Figure 5.

Cdk5 knockdown does neither affect EMT related signalling nor common cell survival pathways or DNA damage.(A) Bar graphs show mRNA levels of the EMT markers E-cadherin, N-cadherin and vimentin in non-targeting (nt) and Cdk5 shRNA-transduced cells (n=3). (B) Immunoblots show protein levels of the EMT markers vimentin, snail, β-catenin, N-cadherin and claudin-1 from non-targeting (nt) and Cdk5 shRNA cells. β-actin and β-tubulin indicate equal loading. (n=3). (C) Immunoblots for Notch1 and Notch4 intracellular domain (N1-ICD, N4-ICD) and the Notch downstream target c-Myc in non-targeting (nt) and Cdk5 knockdown cells are shown. β-actin and β-tubulin indicate equal loading. (n=3). (D) Histogram plot from FACS analysis from CD44 surface expression is shown.
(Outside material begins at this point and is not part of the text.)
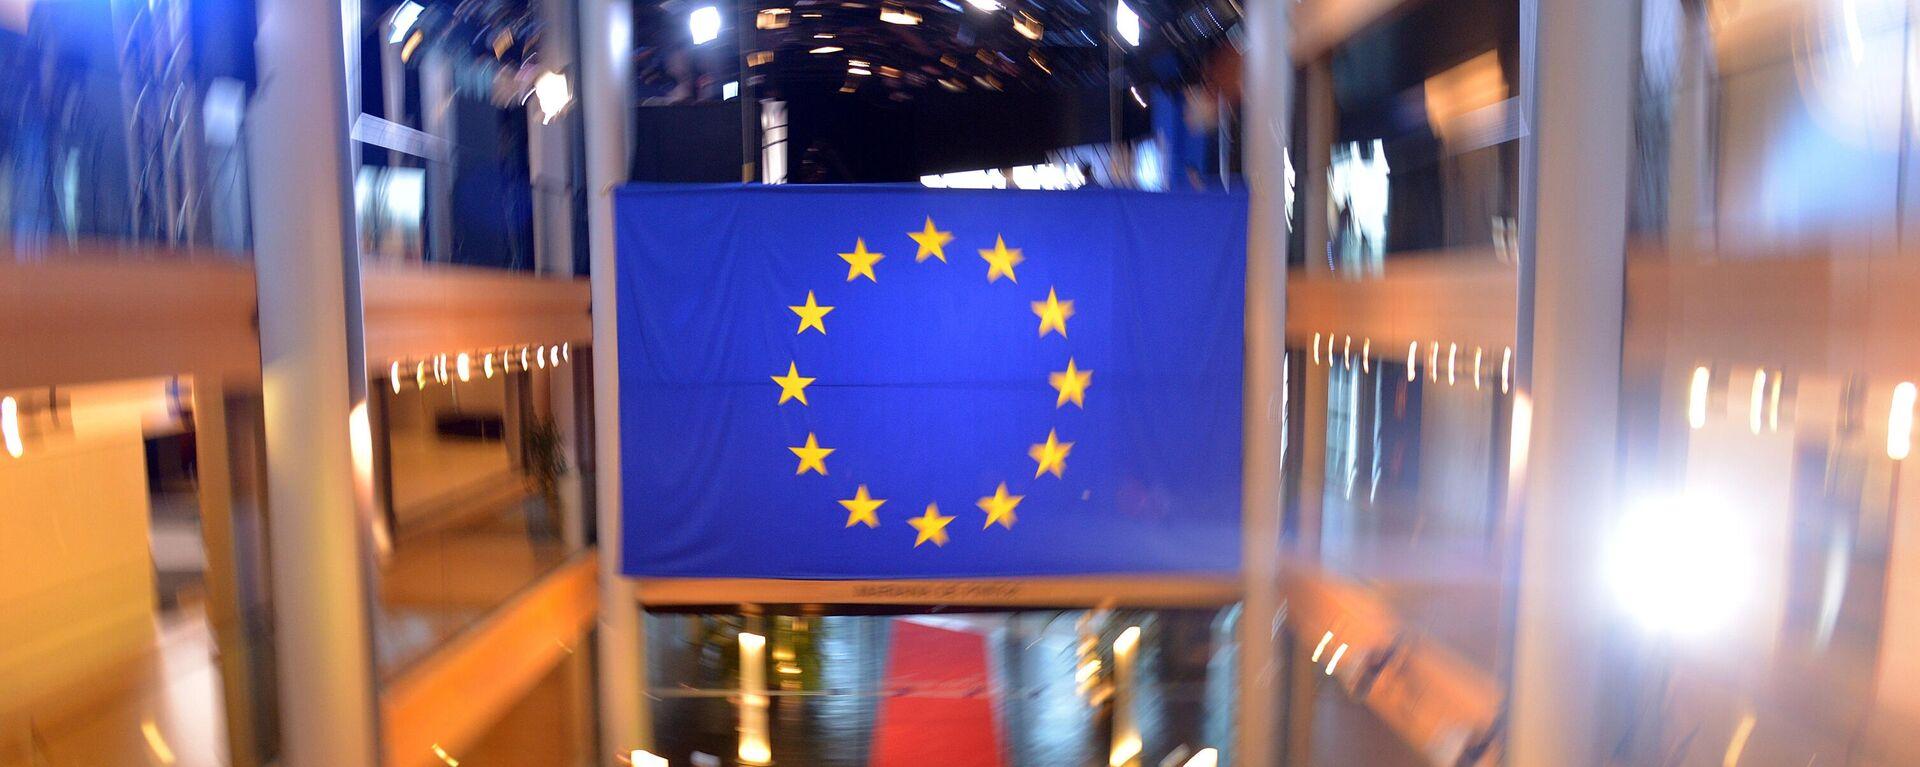 Die Flagge der Europäischen Union - SNA, 1920, 30.06.2021

Bars represent quantification of CD44-positive cells in non-targeting (nt) and Cdk5 shRNA cells (mean±s.e.m., NS=not significant, n=3). (E) MMP-2 and MMP-9 immunoblots are shown. β-actin and β-tubulin indicate equal loading. (n=3). (F) Immunoblots show different proteins related to cell survival in non-targeting (nt) and Cdk5 shRNA cells. HIF1α, total and phosphorylated Stat3 (S727), ERK1/2, AKT (S473) and Retinoblastoma protein (807/811) are shown. β-actin indicates equal loading (n=3). (G) The immunoblots show phospho-histone H2aX (γH2aX) in non-targeting (nt) and Cdk5 shRNA cells. β-actin indicates equal loading (n=3).